**Supplied material:**
--------------------

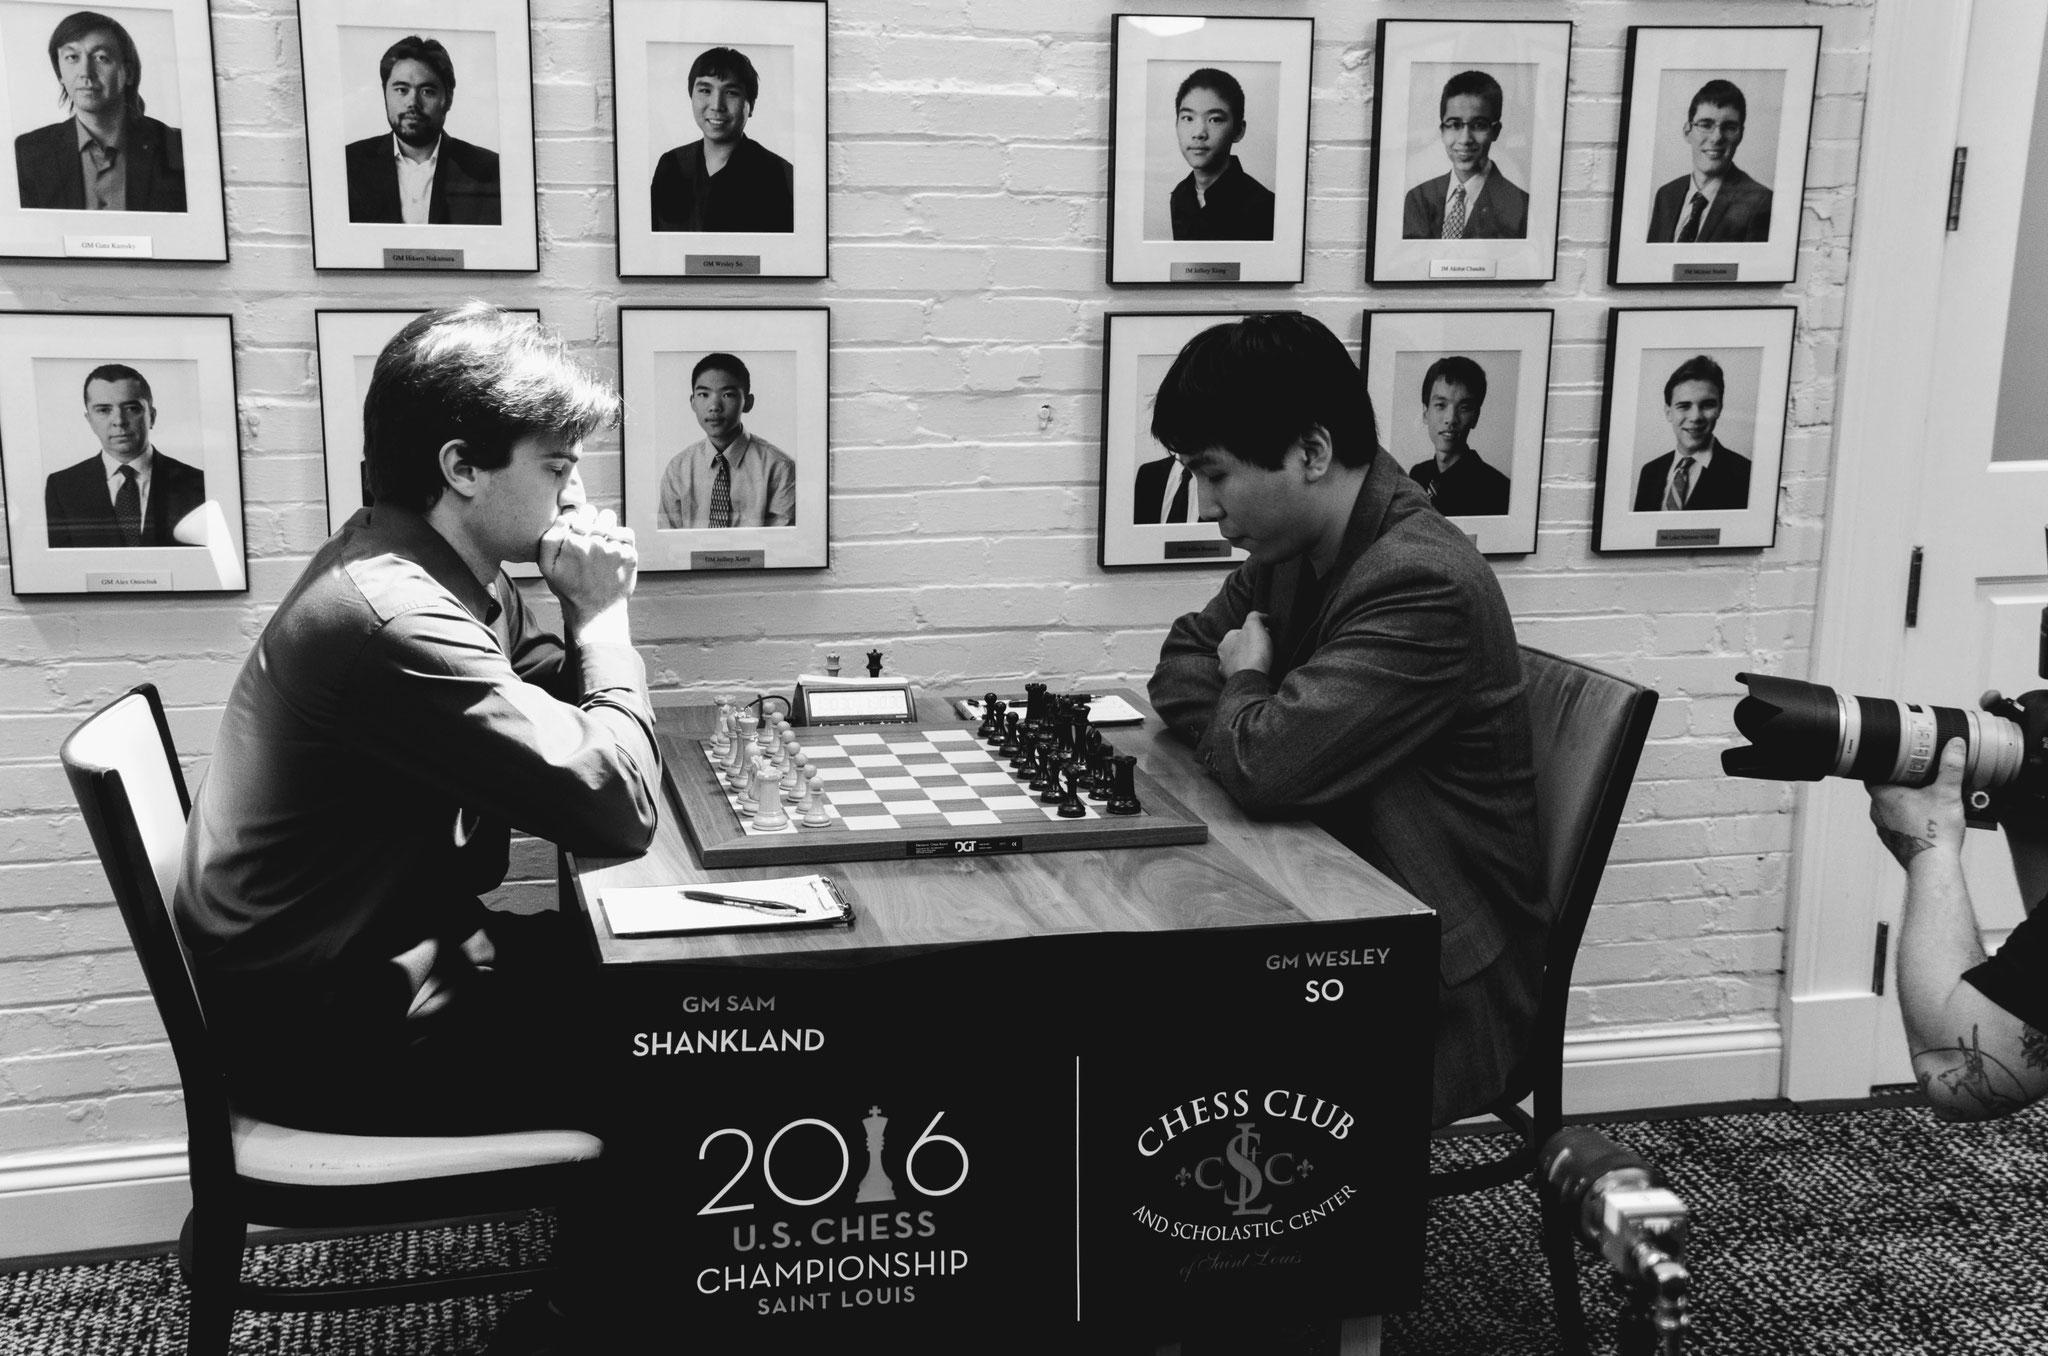 St. Louis - 2016 - Sam Shankland, Wesley So - U.S. Chess Championship
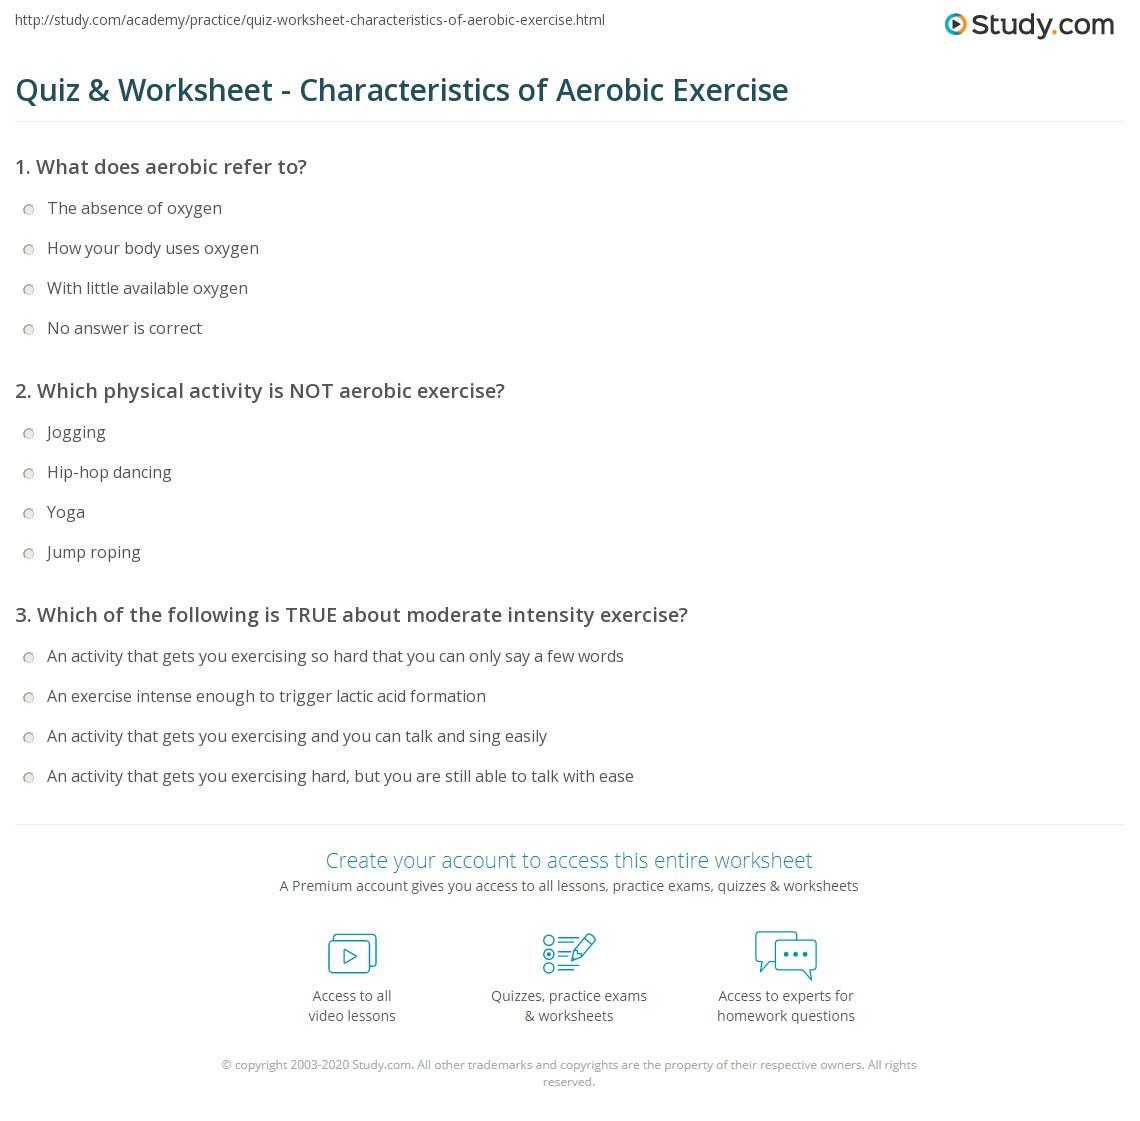 Quiz W Ksheet Ch R Cteristics Of Erobic Exercise Study
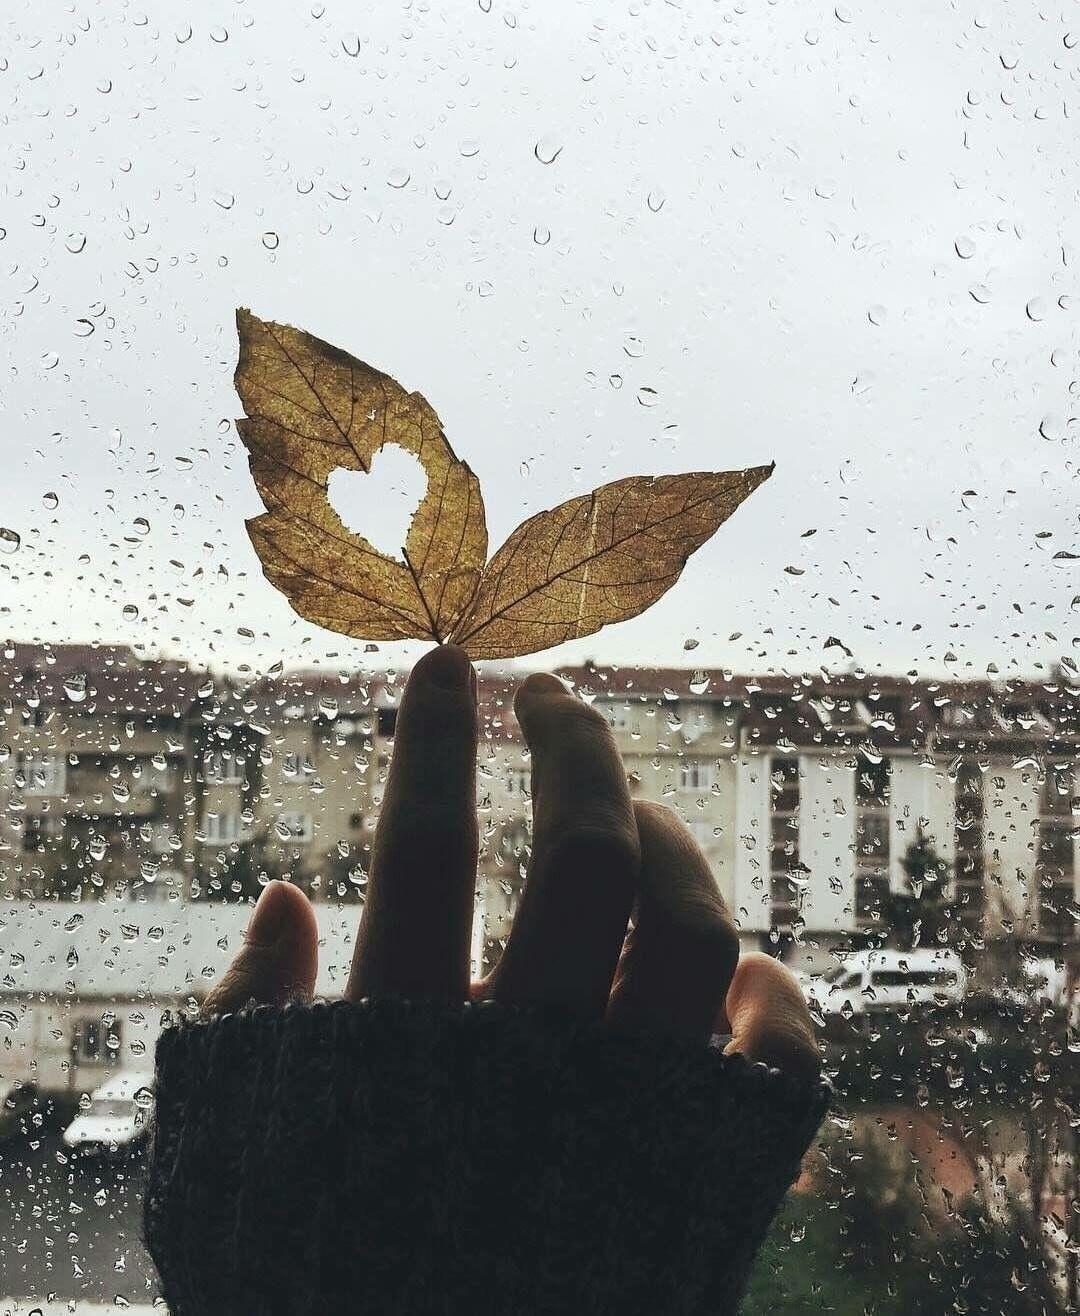 Winter Fotografi Seni Hari Hujan Fotografi Abstrak
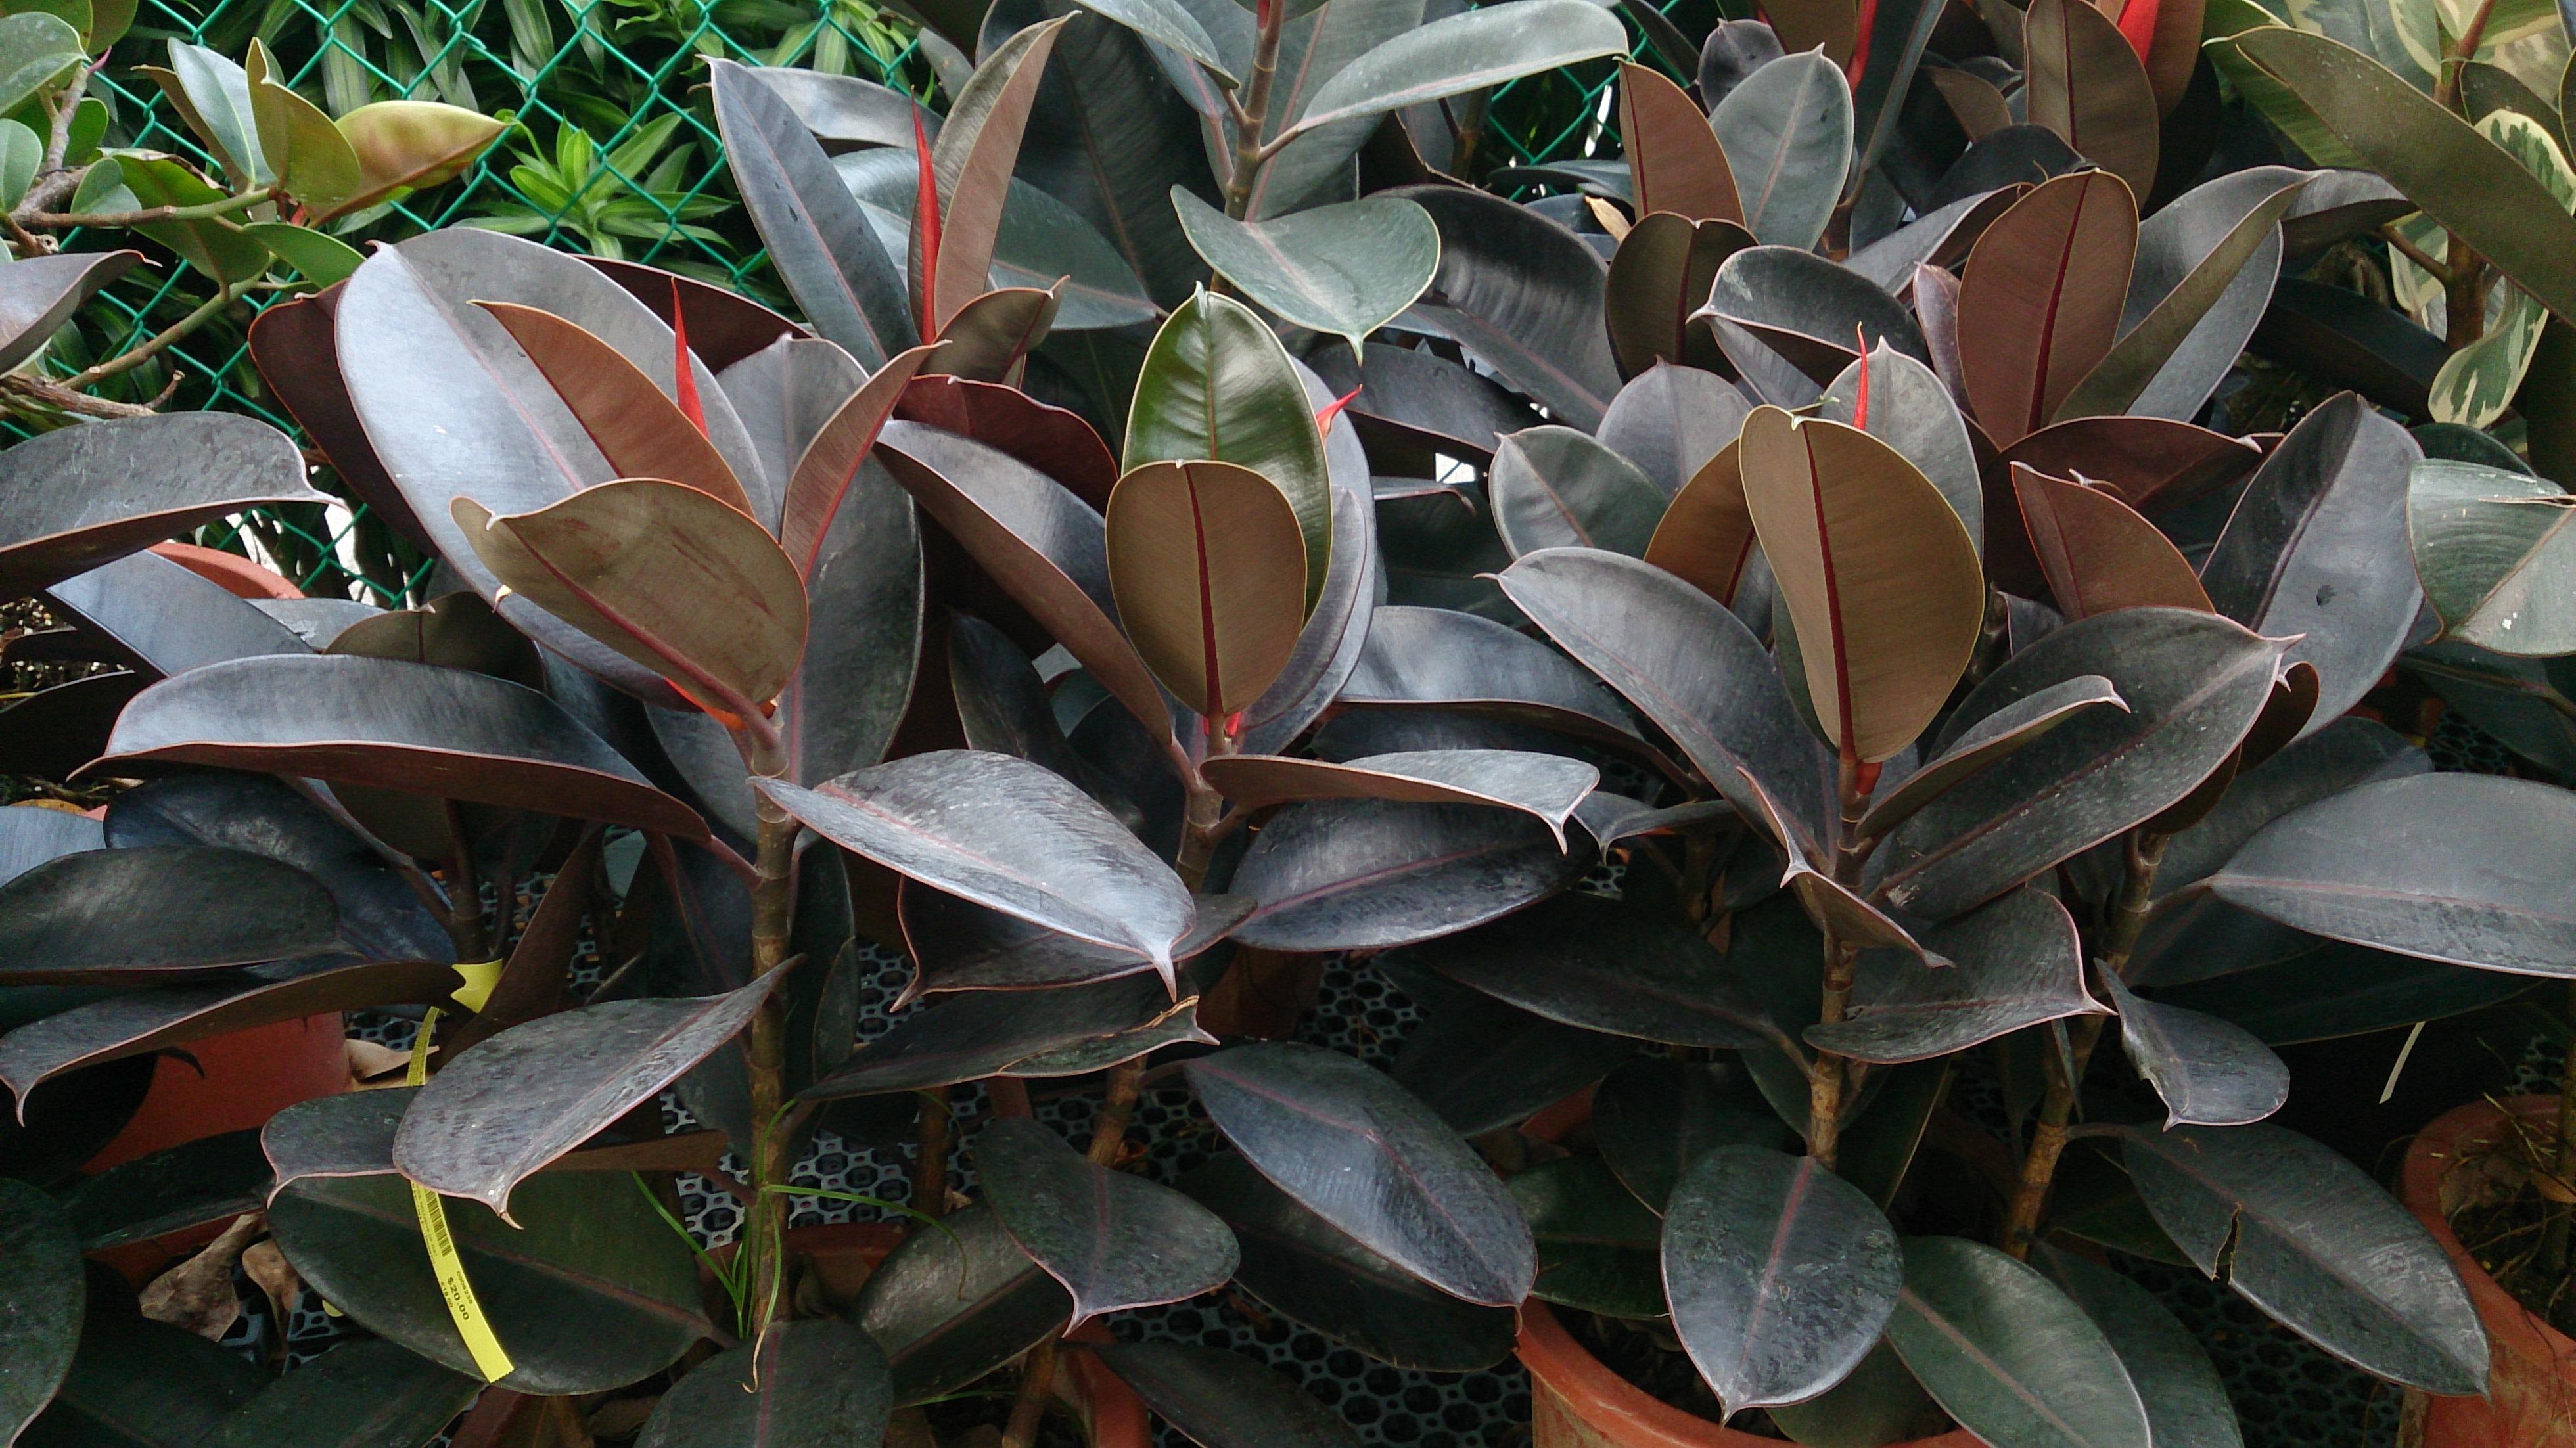 File:Rubber Plant (Ficus elastica 'Robusta') 1.jpg - Wikimedia Commons

--------------------

**Task brief:** Quote all the lines above exactly as given. Do not include the pictures.

**Solution for this exercise:**
 St. Louis - 2016 - Sam Shankland, Wesley So - U.S. Chess Championship
 Quiz W Ksheet Ch R Cteristics Of Erobic Exercise Study
 Winter Fotografi Seni Hari Hujan Fotografi Abstrak
 File:Rubber Plant (Ficus elastica 'Robusta') 1.jpg - Wikimedia Commons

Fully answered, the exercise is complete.